“壞透了。”
聽到這個回答,她有點難過的抽了抽鼻子,小聲說:“那你打她吧。”
沈離經難得的笑了一聲,腹腔中又在發疼。
“人不多,我們拼一把,或許有一線生機。”暗衛說完後砍殺了靠近的一人。
幾人不可避免和追兵動起手來,沈離經護住紅黎,又殺死兩人。暗衛為了護著她身上早已是血跡斑斑,在瑩白的月光下清晰的照見那些皮肉外翻的傷口。
紅黎艱難的從包圍中殺出一個口子來,幾個追兵跟著她去了,剩餘的照常圍著沈離經。
一人將刀架在聞人鈺的脖子上,沖她喊道:“崔琬妍,你現在乖乖和我們走,饒你一命,否則這個小美人就會人頭落地。”
沈離經喘著粗氣,長劍撐著站起,回道:“笑話,你殺了她我還要放鞭炮慶祝呢,要殺趕緊殺,廢話多。”
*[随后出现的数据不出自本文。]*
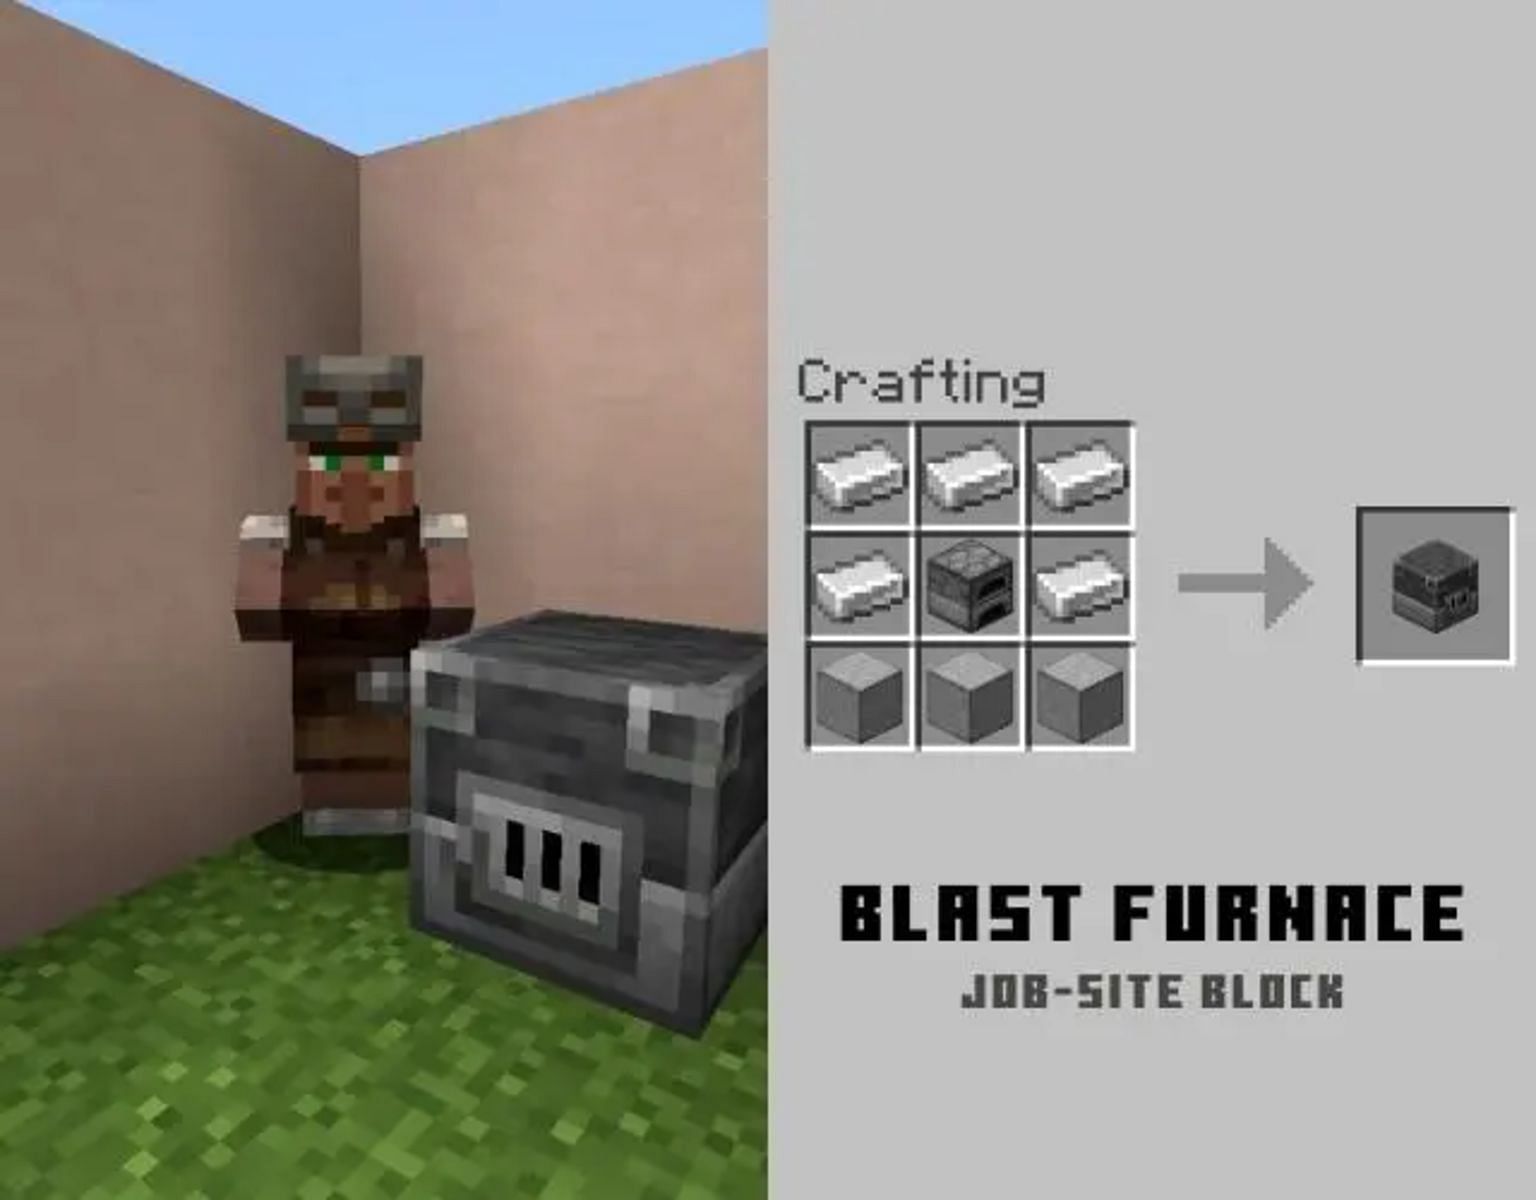 An armorer and its blast furnace (Image via Mojang)

領頭人被她的話驚呆了,狐疑的看著聞人鈺,刀鋒又壓下去些,白嫩的脖子上劃出了淺淺的一道紅。“長公主不是說是個病秧子嗎?用這麼多暗衛保護,還折了我們這麼多人,反倒是你這個大小姐,似乎沒人放在眼裡啊。”
聞人鈺的眼淚都被逼了出來,臉色蒼白,瞪著沈離經的身影。“我不知道。”
刀從她的脖子上離開,冰涼的刀面貼在臉上拍了兩下,那人說道:“聽說你還是第一美人呢,秦王去聞人府提過親吧?不要裝什麼清高,床上伺候的他歡喜了,興許還能混個侍妾。”
聞人鈺咬著唇,眼淚不停往下落,身子也抖個不停。
她有些後悔剛才讓碧草行刺崔琬妍了,崔琬妍不是什麼手無縛雞之力的病秧子,若是沒有那一刀,她也許能跟著一起逃出去,也不用落到這些人手上受這種屈辱。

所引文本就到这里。